Лорен наконец повернулась. Облизала губы, провела платком по измазанному помадой лицу.
— Страшная, правда? Я, Крис, договорилась, они специалиста вызовут — из Тулузы. Лекарства у них есть, сиделок я наняла… Джо тоже виноват, я же его предупредила: если что, немедленно шли телеграмму. Не ребенок же он!..
Подошла к коллеге, взяла под руку.
— Я не оправдываюсь, Кристофер. Привыкла, что Джо вроде святого Петра. Скала!.. Как не вовремя! Если нас пошлют за Пиренеи, кто с ним останется? Пойдем, малыш, перекурим. Сегодня уже вторую пачку добиваю.
Кейдж не стал напоминать, что некурящий. Не для того же позвала. У самого на душе было скверно, сквернее некуда. Хорошо ему «граалить» под теплым одеялом у растопленного квартирной хозяйкой камина. Жаль, возле Монстра оказались одни лишь жандармы-недотепы, не знающие путь в четвертое измерение!
Лорен курила прямо под мелким моросящим дождем. Кейдж стоял рядом, запахнув плащ и надвинув шляпу на нос. За Пиренеи их еще не послали, а бои уже идут, если газетам верить, в предместьях Мадрида. Какой-то генерал Мола пообещал, что к четырем штурмовым колоннам скоро присоединится пятая, спрятанная в самом городе. А еще бомбят — прямо по жилым кварталам.
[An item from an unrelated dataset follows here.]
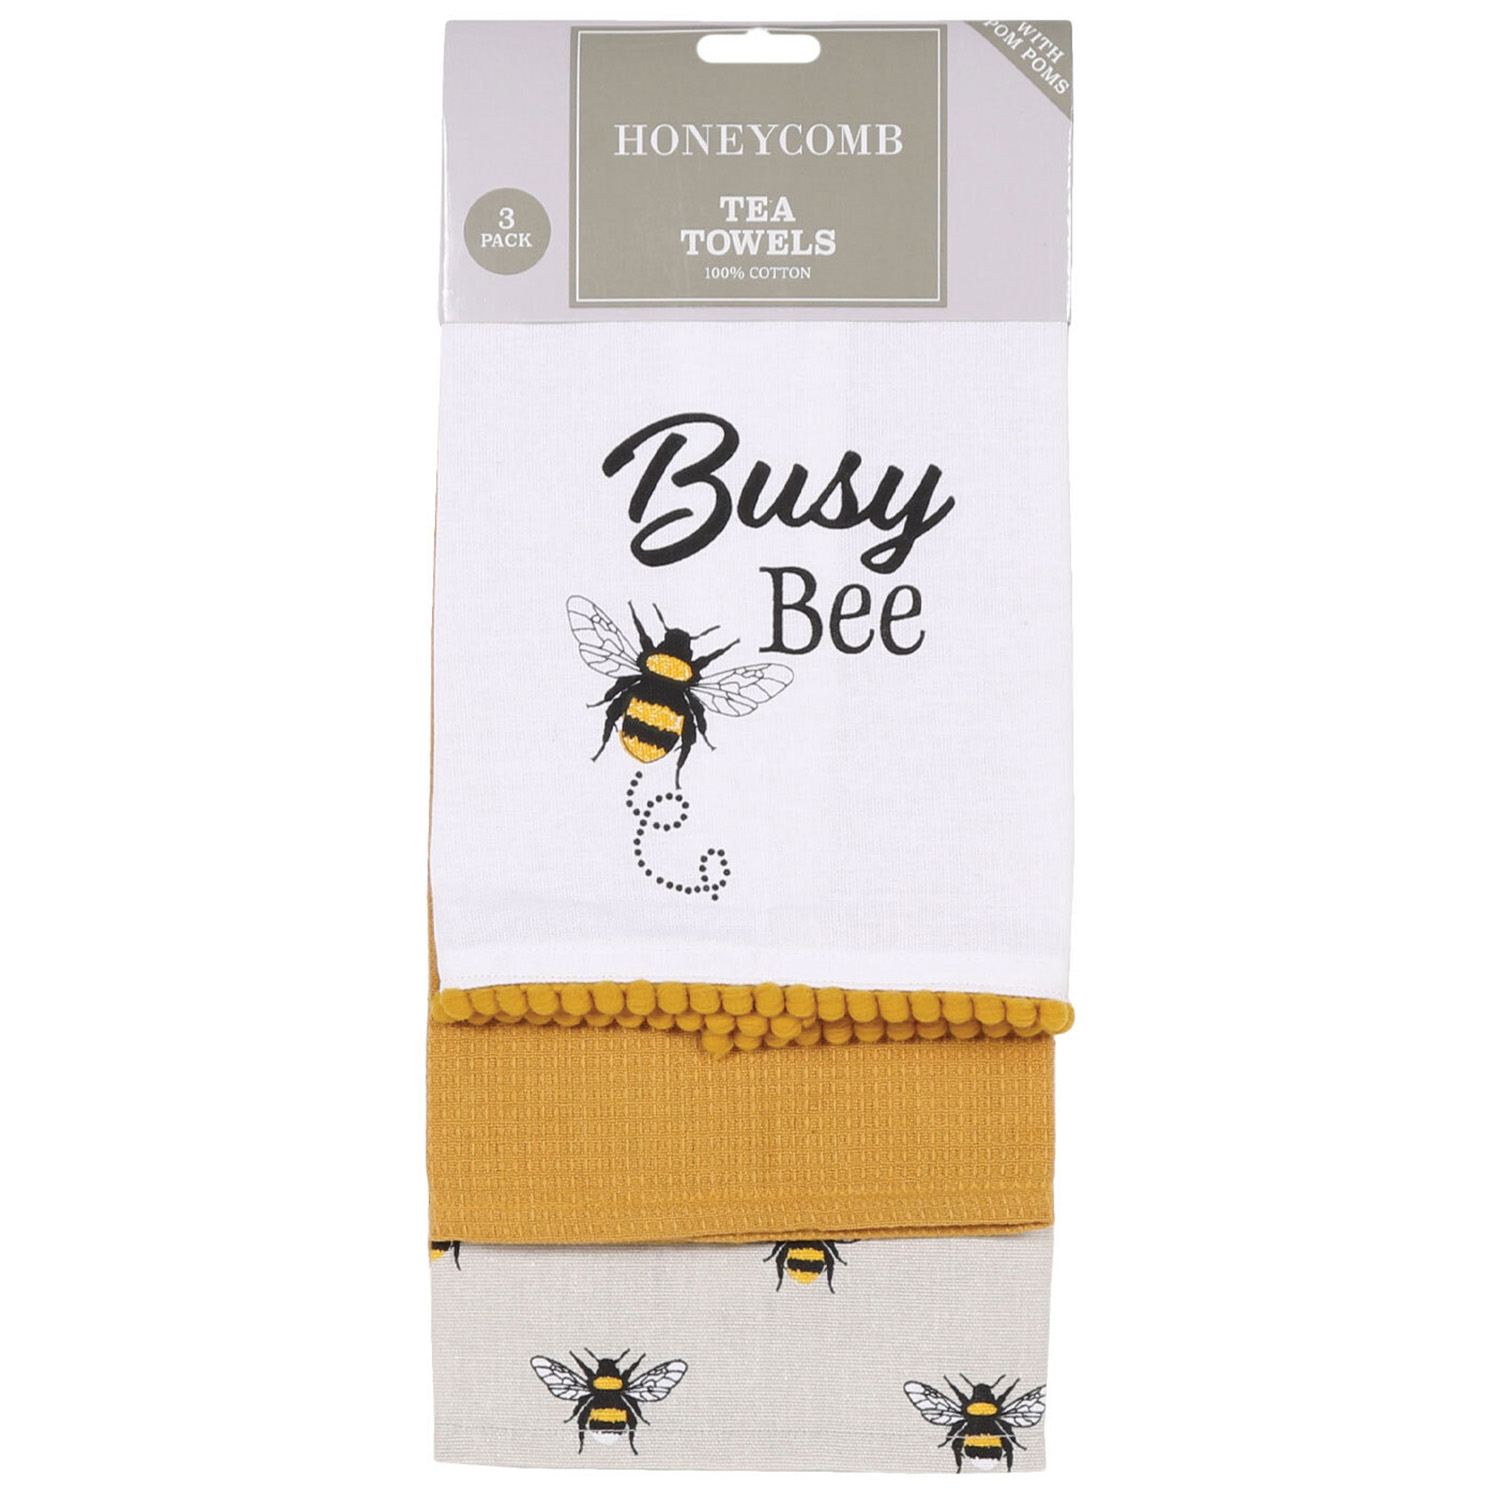 Honeycomb Tea Towels 3 Pack Image

— Хэм в Испанию собирается, — Мисс Репортаж подумала о том же. — Только сначала книгу хочет дописать — про своих баб[62]. А я даже не знаю, нужны мы там, не нужны?
Кейдж невольно вздернул брови. Такое от Великолепной Лорен не каждый день услышишь.
— А ты не удивляйся, малыш. У каждого из нас своя журналистка. Хэм всю жизнь доказывает, что он крутой мужчина со стальными яйцами. Ты, Крис, добрый, но глупый, вроде собаки сенбернара. Кидаешься помогать — кому надо, кому не надо — и вечно ходишь с разбитым носом… Не обиделся?
Репортер пожал плечами. Сенбернар? Все лучше, чем хорек, тем более луизианский!
— А я хочу дать людям надежду. Показать лучших, чтобы остальные за ними тянулись, верили, что и они тоже смогут, добьются, победят. В Испании надежды нет, Крис! Я же профессионал, умею читать между строк. Все бросили, все отступились. Такое точно дерьмо было с Абиссинией, но тогда мы себя успокаивали, мол, там же негры. Испанцы уже чуть посветлее. Чья очередь завтра?